Excerpts from Jim Conrad's
Naturalist Newsletter
from the February 22, 2015 Newsletter issued from Río Lagartos, on the Yucatan Peninsula's northern coast (~N21.60°, ~W88.16°), Yucatán state, MÉXICO
MUDFLAT POLYCHAETES
A couple of years ago in Texas, beneath the microscope's lenses, we found a tiny worm living in a drop of water from the Dry Frio River behind the cabin, still shown at www.backyardnature.net/n/13/130303wm.jpg.
The worm turned out to be an annelid, or segmented worm, like the common earthworm, but it was a special class of annelid, one known as a polychaete, or "bristle worm." I'd been surprised to find such a tiny, free-living polychaete because my impression of what a polychaete was had been based on the one we'd found previously on the Yucatan's Caribbean coast, inhabiting carbonate tubes plastered onto the inner walls of seashells, as shown at www.backyardnature.net/n/11/110911wt.jpg.
That was the beginning of my understanding that polychaetes are a varied lot. In fact, here we've already found other polychaete species with different manners of living -- one living in tubes composed of cemented white sand, and another in calcareous tubes looking like tiny white snail shells attached sideways on Shoalgrass leaves. In our recent February 15th Newsletter, we saw how Lugworms, also a kind of polychaete, excrete sizable coiled sand "castings" onto the beach. You can review these various polychaete species on our Worm Index Page at www.backyardnature.net/n/worms.htm.
This week when Rayo and I went onto the usually flooded mudflats in front of Río Lagartos, it was like taking a university course in polychaete diversity. We'd gone there to find something Rayo had seen but couldn't figure out. He'd described it as like a long weed root that was hollow inside and outside was covered with small seashells and shell fragments. As our boat approached the mudflat where the mystery item had been spotted, we saw what's shown below:
With slender Black Mangrove pneumatophores pointing skyward in the background, the mudflat was populated with piles of mud exactly like the Lugworm castings profiled in our February 15th Newsletter -- where our Lugworms were identified as Arenicola brasiliensis. But unlike with our earlier discovery, here were acres of them. A close-up of one of these mudflat castings is shown below:
Quickly Rayo found one of his mystery items looking like a weed taproot, poking from the mud. It's shown below:
Shells and shell fragments were indeed stuck to it, as shown below:
And inside it was indeed hollow, as shown below:
Something wormlike had occupied this tube. Remembering that polychaetes often encrust their tube exteriors with shells and shell fragments, it was easy to decide that probably this was a polychaete tube. Earlier when we'd dug several inches around our Lugworm burrow, there'd been no such shell-encrusted casing, so this seemed to have been made by yet a different polychaete species.
This wasn't the end of our polychaete lessons, though. In shallow water at the mudflat's edge many holes were issuing flaccid balloons of gelatinous material that swung back and forth with the advance and retreat of each wave, as shown below:
In my hand the gelatinous blobs looked like what's shown below:
Inside each blob were suspended thousands of tiny specks, presumably eggs -- and from what I could determine on the Internet later they were polychaete eggs -- shown closer up below:
Up on the mud from which water had receded, an extraordinarily long egg mass stretched from its hole past Rayo's colorfully tattooed legs, shown below:
Realizing what these gelatinous egg masses were, and remembering that through clear water we've always seen them on the estuary floor below the boat -- and wondered what they were -- it became clear that polychaete influence doesn't end at the low water mark.
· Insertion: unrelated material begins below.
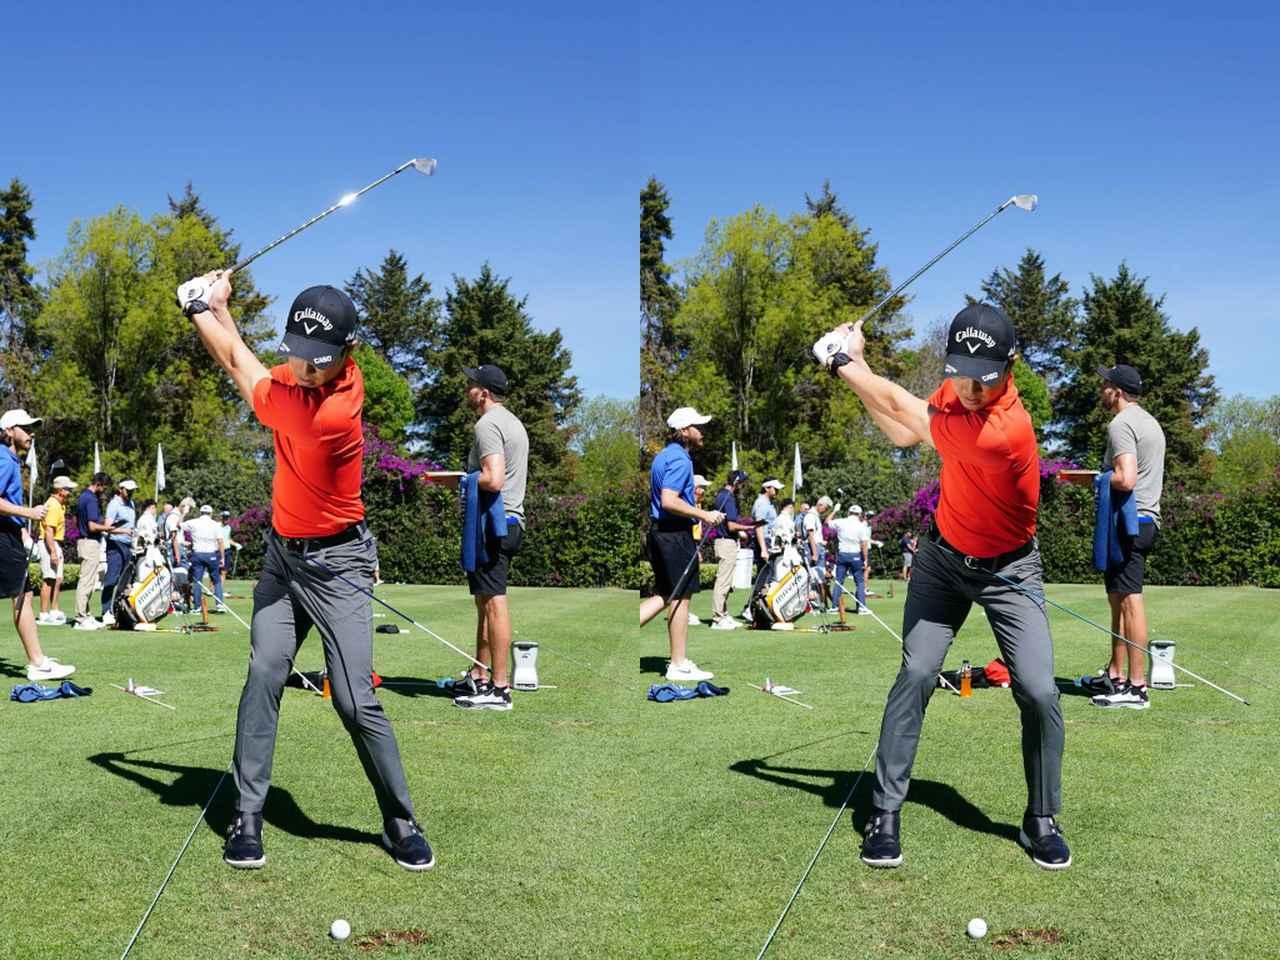 画像: 切り返しで踏み込んだときに、棒が下向き(地面を向く)ようなイメージで練習していると石川はいう

This mudflat and the whole estuary -- especially when you remember those tiny ones in white, snail-like tubes speckling all Shoalgrass leaves -- is a polychaete urban zone, a niche of Nature where polychaetes are a dominant life form.
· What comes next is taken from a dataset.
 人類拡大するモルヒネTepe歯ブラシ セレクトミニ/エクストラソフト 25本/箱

Polychaetes fossils are known from the early Cambrian Period, over 500 million years ago, from a time when the Earth's land masses still bore no life, for all living things occupied the seas. Taxonomically, the Class Polychaeta comprises about 10,000 species worldwide. María Ana Tovar-Hernández et al writing in the online Mexican Government "Revista mexicana de biodiversidad," in 2014, says that in Mexico we have about 1500 polychaete species in 63 families and 460 genera. Though our Texas polychaete was a freshwater species, polychaetes mostly are marine. With 1500 Mexican species, most of them marine, no wonder we're finding such a diversity of polychaetes here along the coast.
Polychaetes with their extensive burrowing aerate the soil and "plow" it, keeping the soil from compacting. Their "maintenance" of the soil enables other species to colonize, thus adding diversity and stability to the greater ecosystem. Earth-burrowing polychaetes do for submerged and water-saturated soil what earthworms do for dry land ecology. And remember that Charles Darwin wrote of earthworms that "...it may be doubted if there are any other animals which have played such an important part in the history of the world as these lowly organized creatures."